Hemisfério de uma cabeleira - Charles Baudelaire




Deixa-me respirar por muito, muito tempo, o odor dos teus cabelos,
mergulhar neles todo o meu rosto, como um homem sequioso na água de uma nascente,
e agitá-los com a mão como um lenço perfumado, para sacudir as recordações no ar.
Se tu pudesses saber tudo o que vejo! Tudo o que sinto! Tudo o que ouço nos teus cabelos!

Minha alma viaja sobre o perfume como a alma dos outros homens viaja sobre a música.
Os teus cabelos contêm um sonho inteiro, cheio de velas e de mastros; contêm grandes mares cujas monções me levam para climas adoráveis, onde o espaço é mais azul e mais profundo, onde a atmosfera tem o perfume dos frutos, das folhas e de pele humana.

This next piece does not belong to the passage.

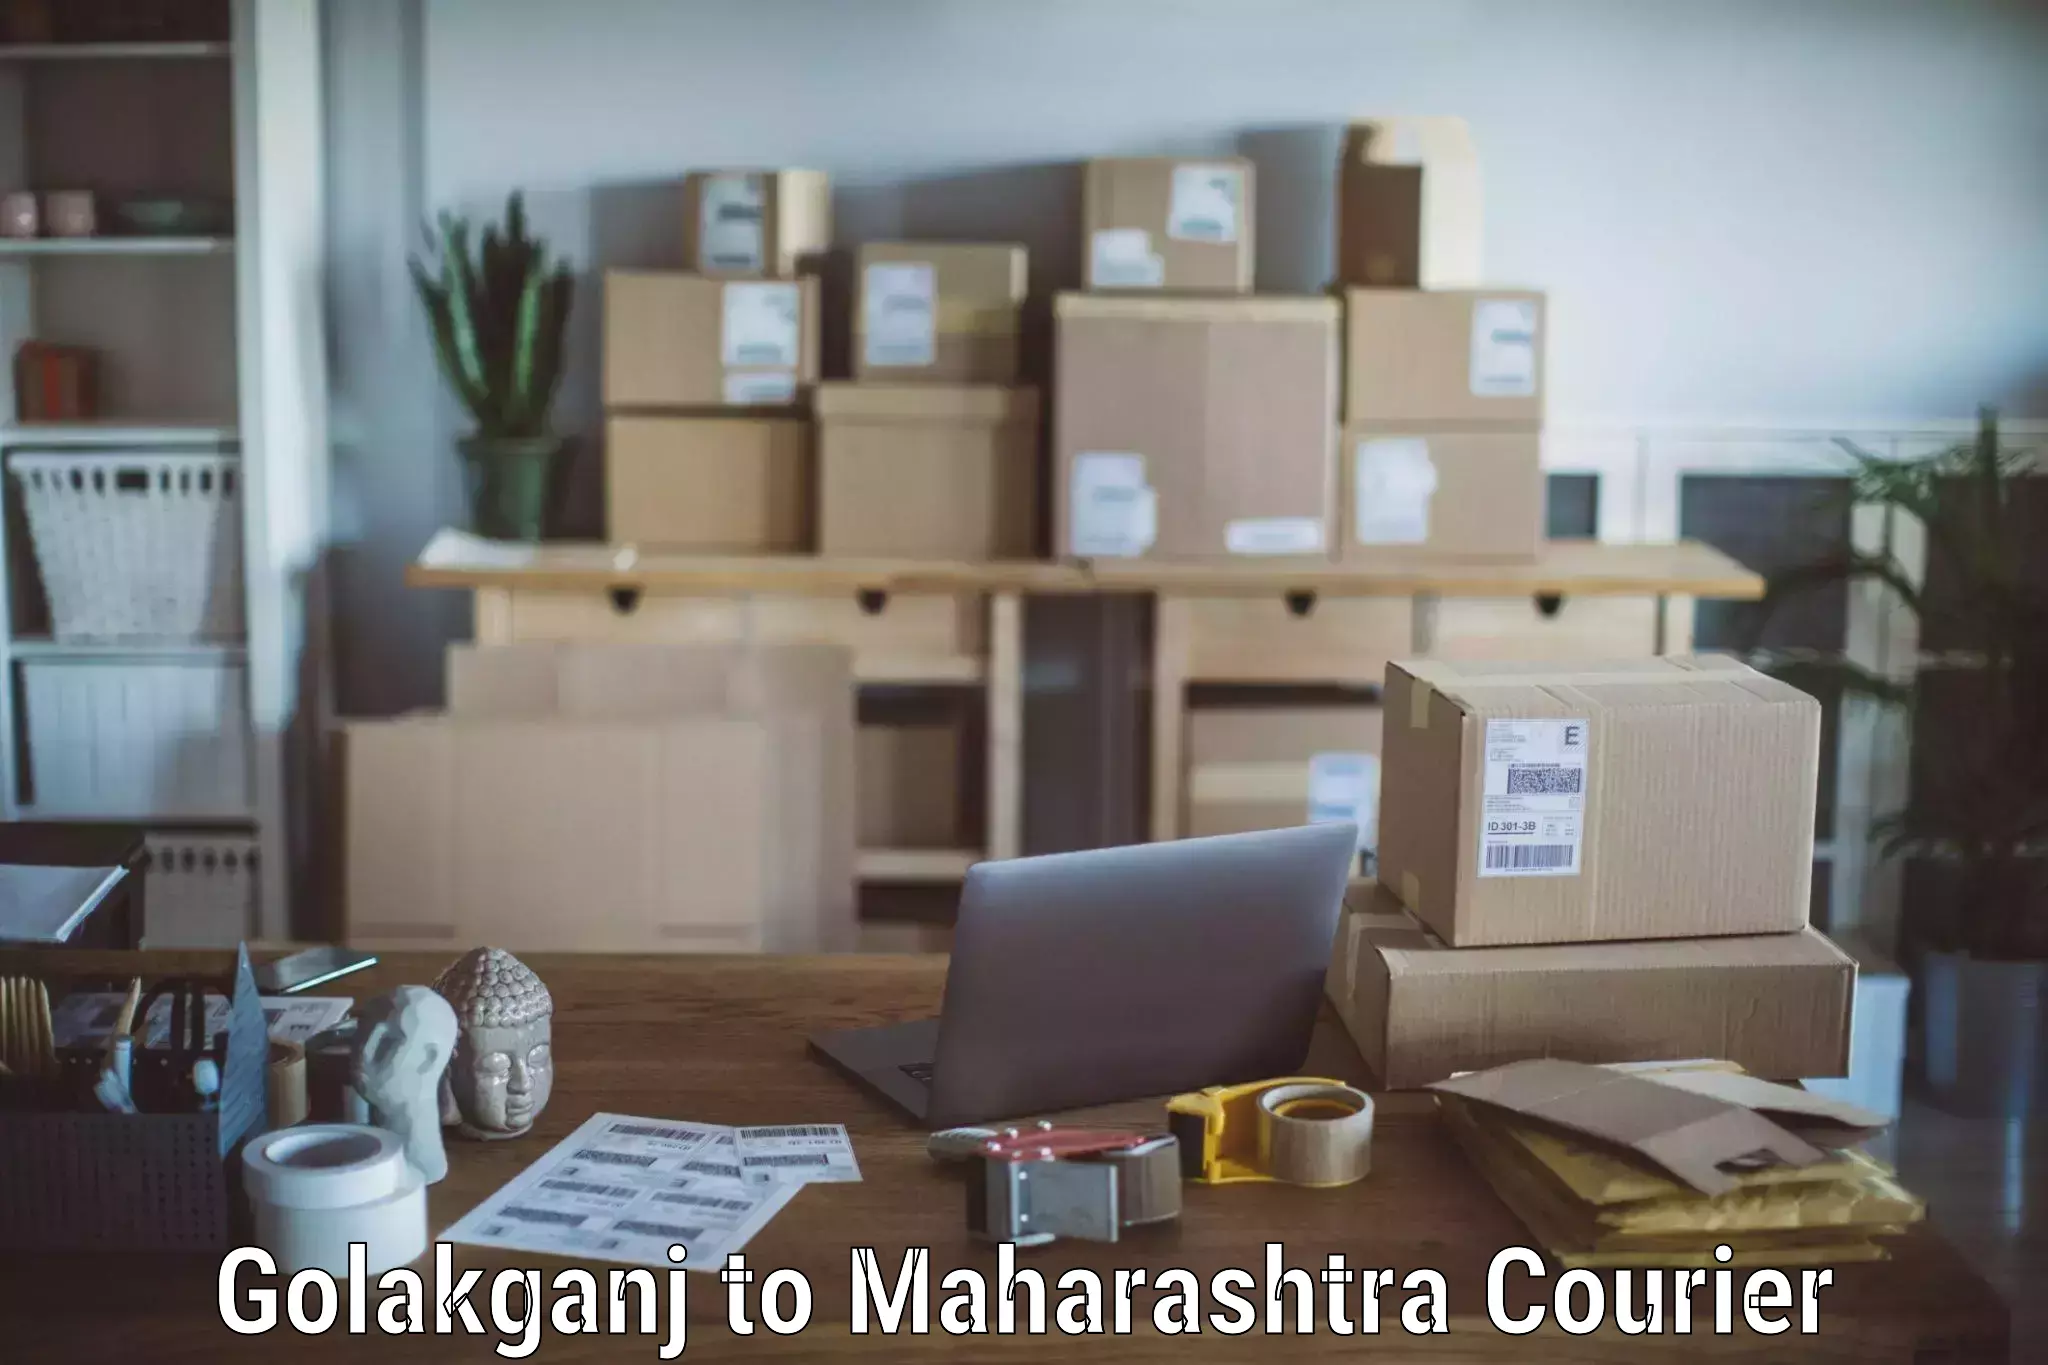 Cost-effective moving options Golakganj to IIT Mumbai

No oceano da tua cabeleira, entrevejo um porto a formigar de canções dolentes, de homens vigorosos de todas as nações e navios de todas as formas recortando as arquitecturas finas e complicadas sob um céu imenso onde se pavoneia um calor eterno.
Nas carícias da tua cabeleira, encontro os langores das horas passadas sobre um divã no camarote dum belo navio, embaladas pelo arfar imperceptível do porto, por entre os vasos de flores e as bilhas que refrescam a água.
No lume ardente da tua cabeleira, respiro o odor do tabaco misturado com ópio e açúcar; na noite da tua cabeleira, vejo resplandecer o infinito do azul tropical; nas praias acetinadas da tua cabeleira, embebedo-me com os odores combinados de alcatrão, de musgo e de óleo de coco.
Deixa-me morder longamente as tuas tranças pesadas e negras. Enquanto mordisco os teus cabelos elásticos e rebeldes, parece-me que devoro recordações.